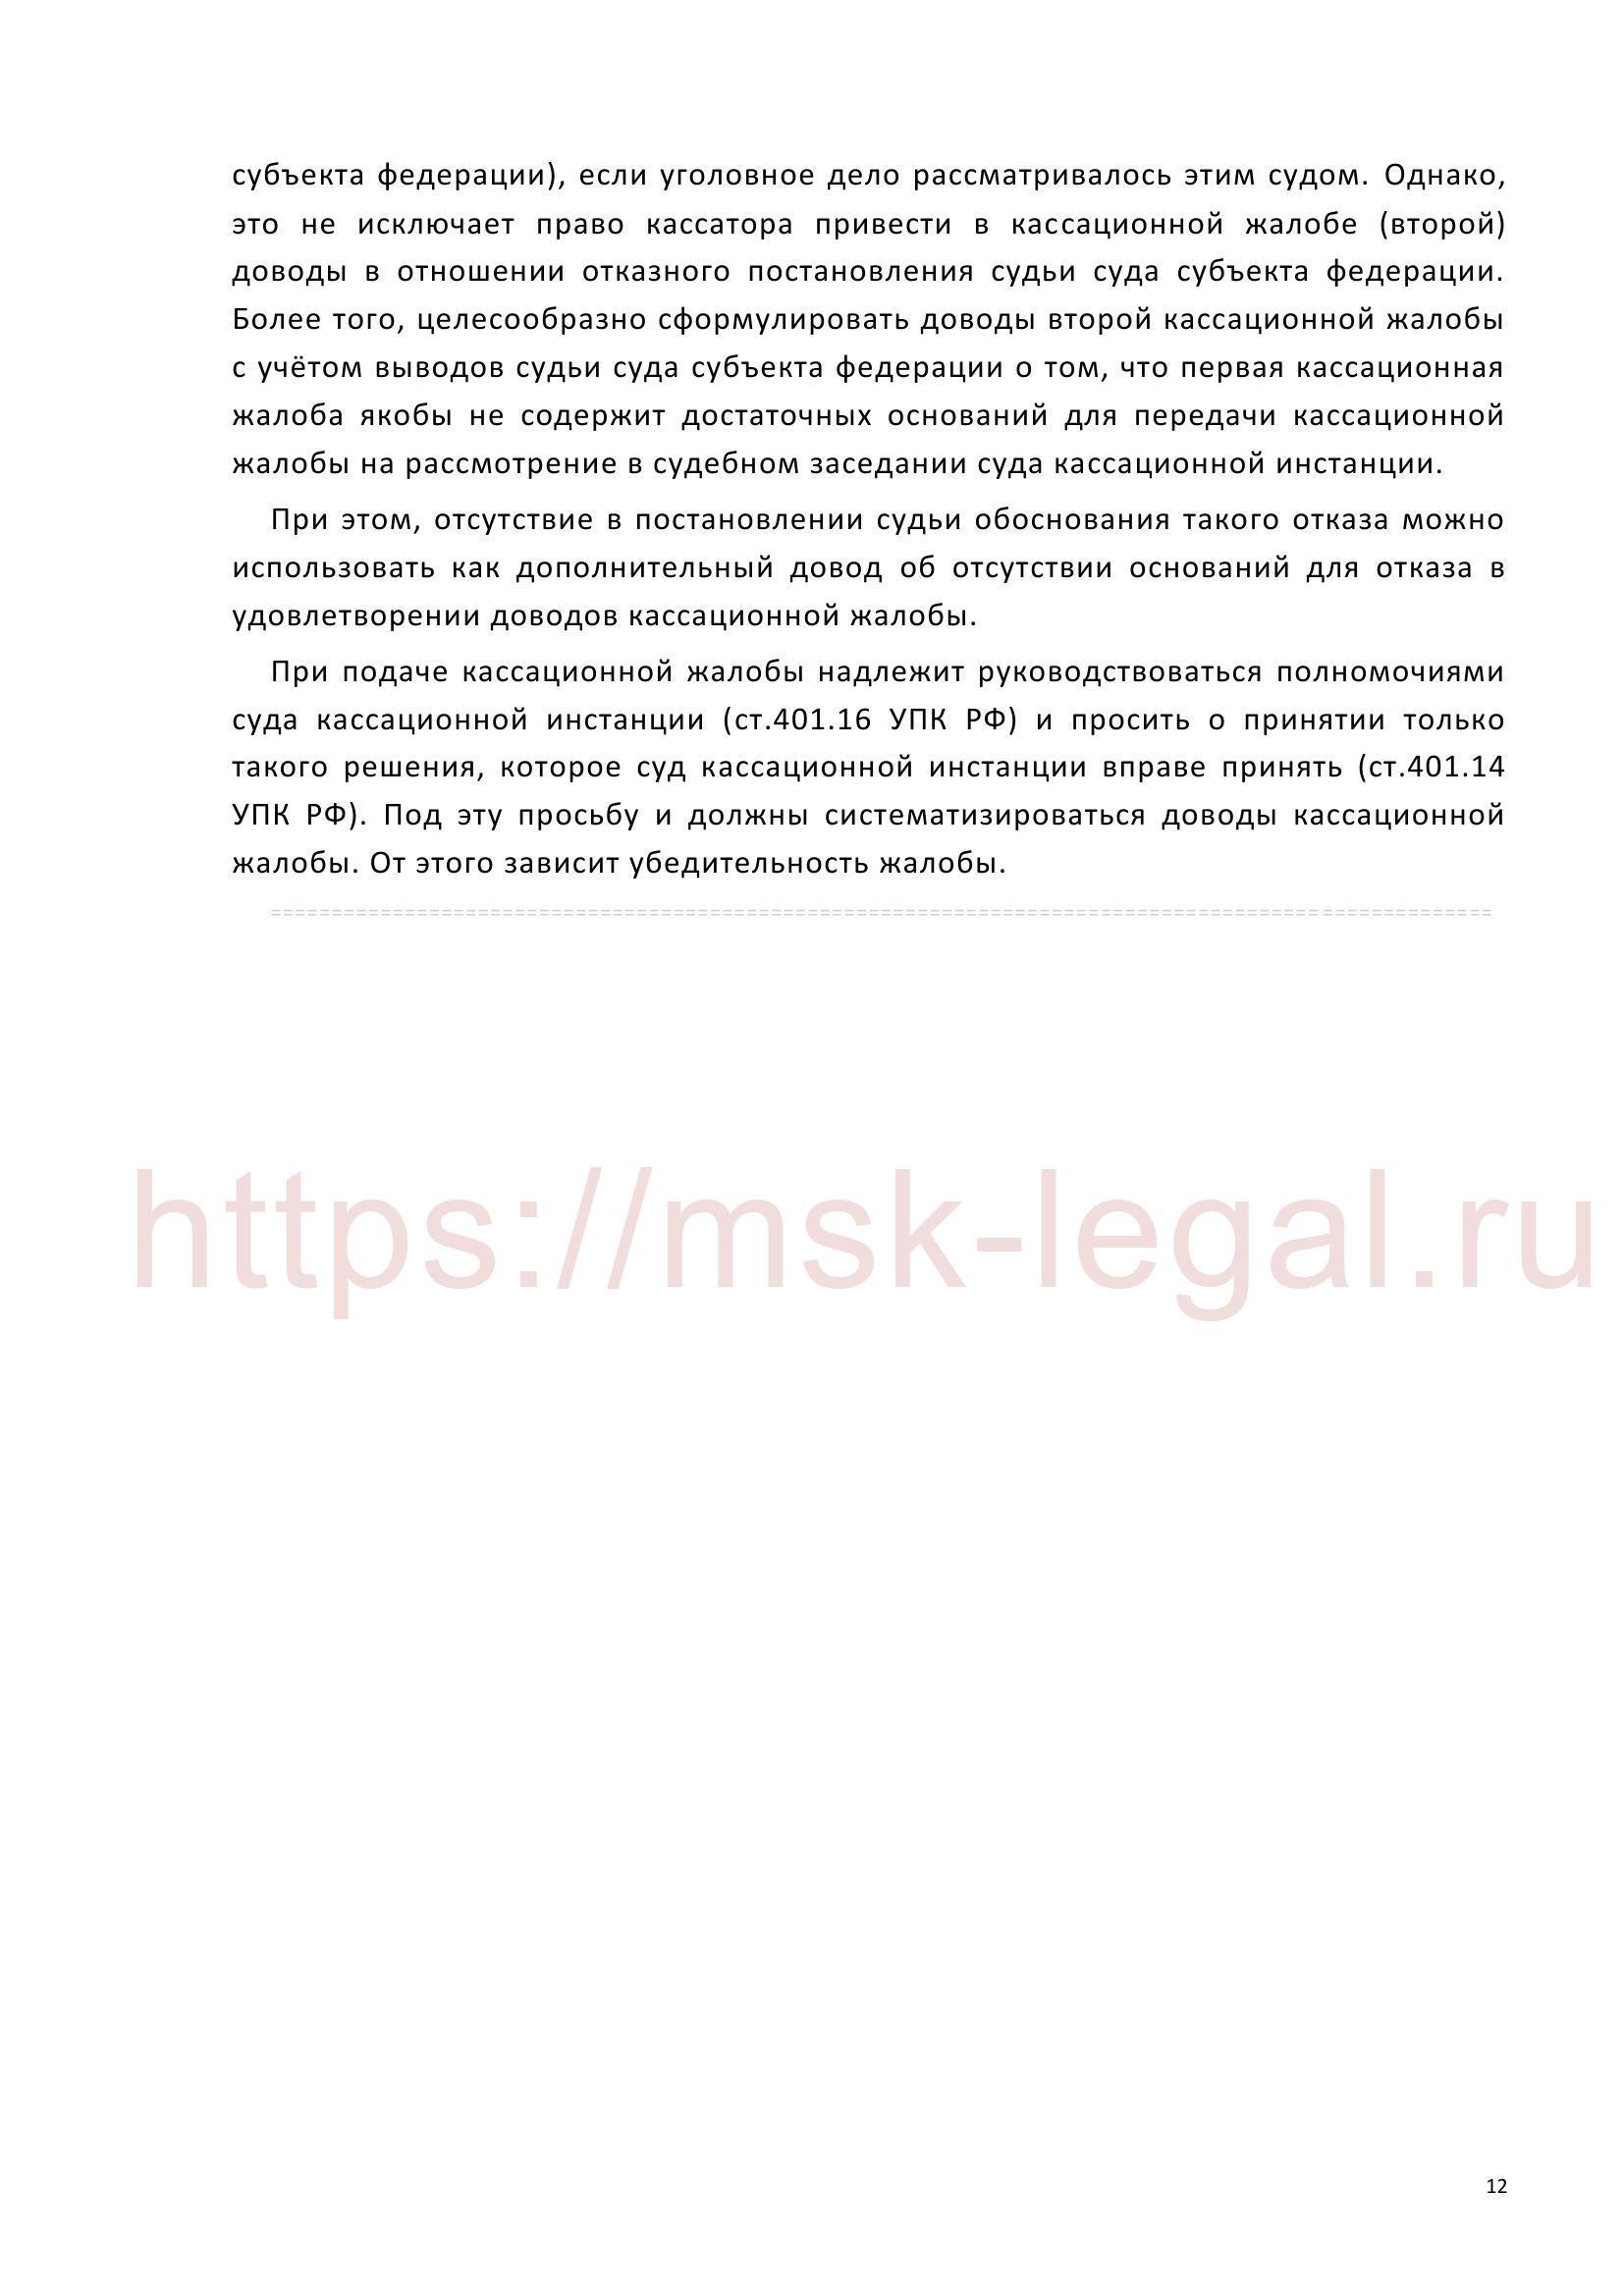 Кассационная жалоба в Судебную коллегию по уголовным делам ВС РФ
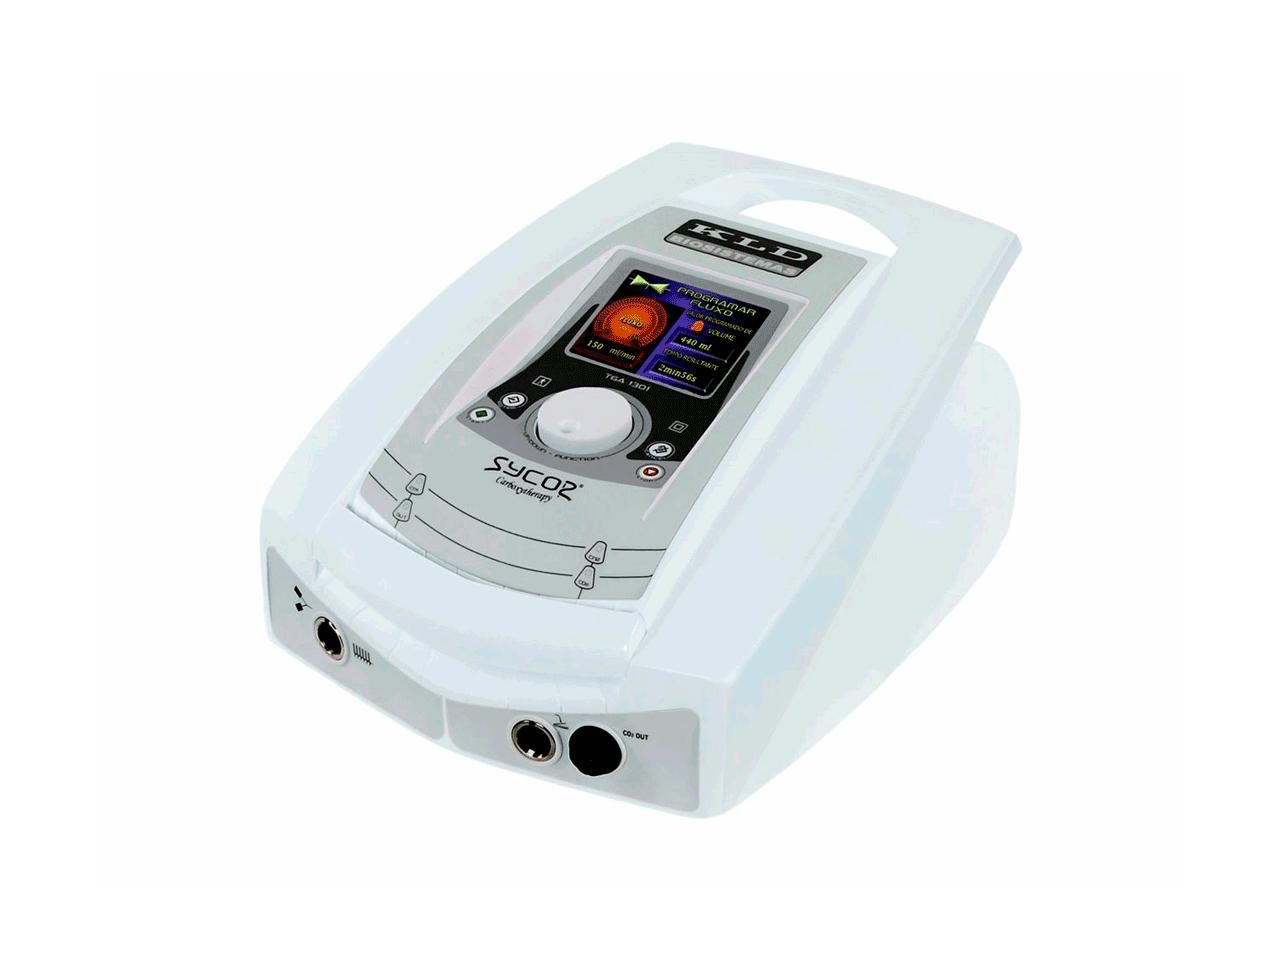 /sycor-kld-aparelho-de-carboxiterapia-c-gas-aquecido-p-ME01979A?CORES=BRANCO
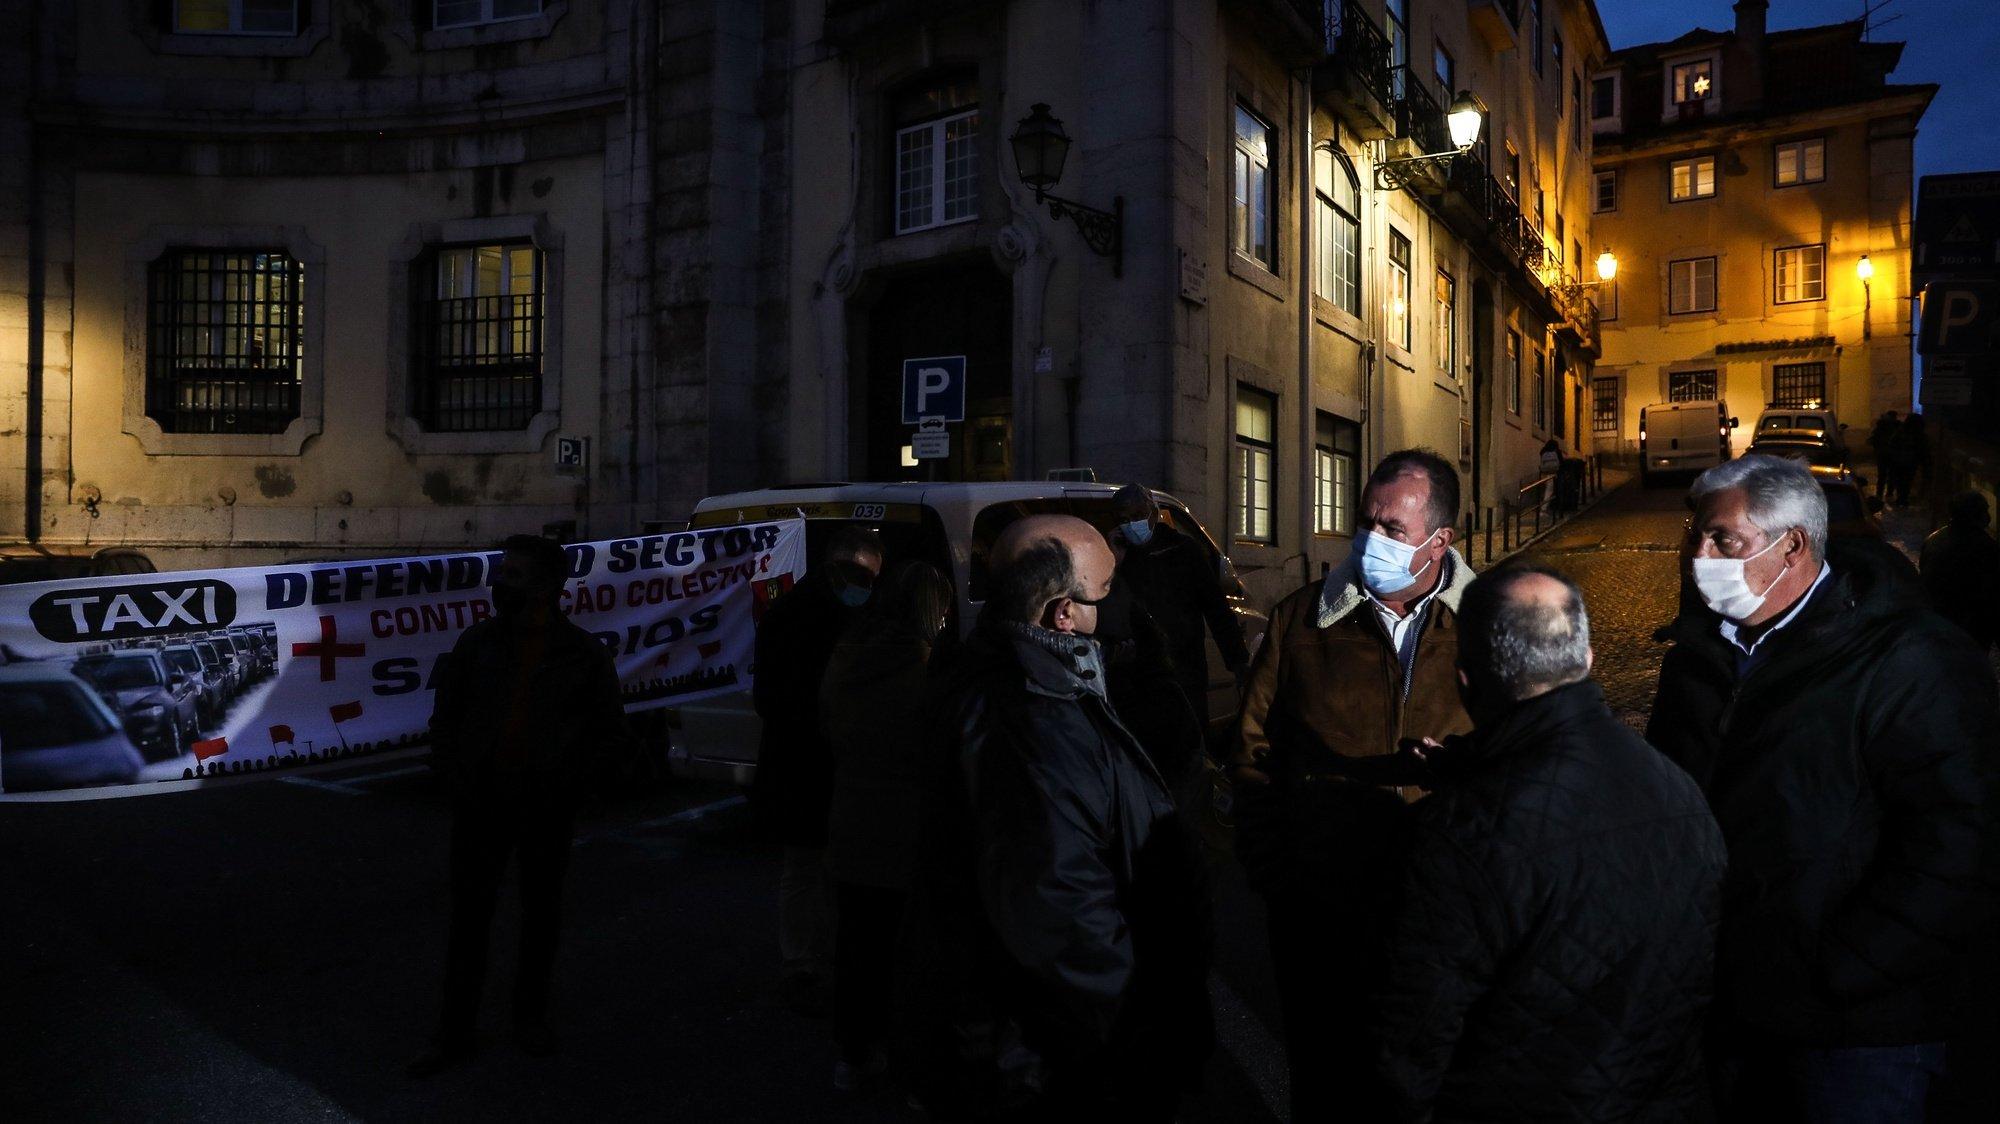 Taxistas participam numa vigília promovida pela Fectrans - Federação dos Sindicatos dos Transportes e Comunicações, pela defesa do setor dos transportes, frente ao Ministério do Ambiente, em Lisboa, 18 de dezembro de 2020. MÁRIO CRUZ/LUSA

WHAT YOU WILL DO :: Please repeat every line from the listing above exactly as it appears. Drop the pictures.

EXERCISE ANSWER ::
 Кассационная жалоба в Судебную коллегию по уголовным делам ВС РФ
 /sycor-kld-aparelho-de-carboxiterapia-c-gas-aquecido-p-ME01979A?CORES=BRANCO
 Taxistas participam numa vigília promovida pela Fectrans - Federação dos Sindicatos dos Transportes e Comunicações, pela defesa do setor dos transportes, frente ao Ministério do Ambiente, em Lisboa, 18 de dezembro de 2020. MÁRIO CRUZ/LUSA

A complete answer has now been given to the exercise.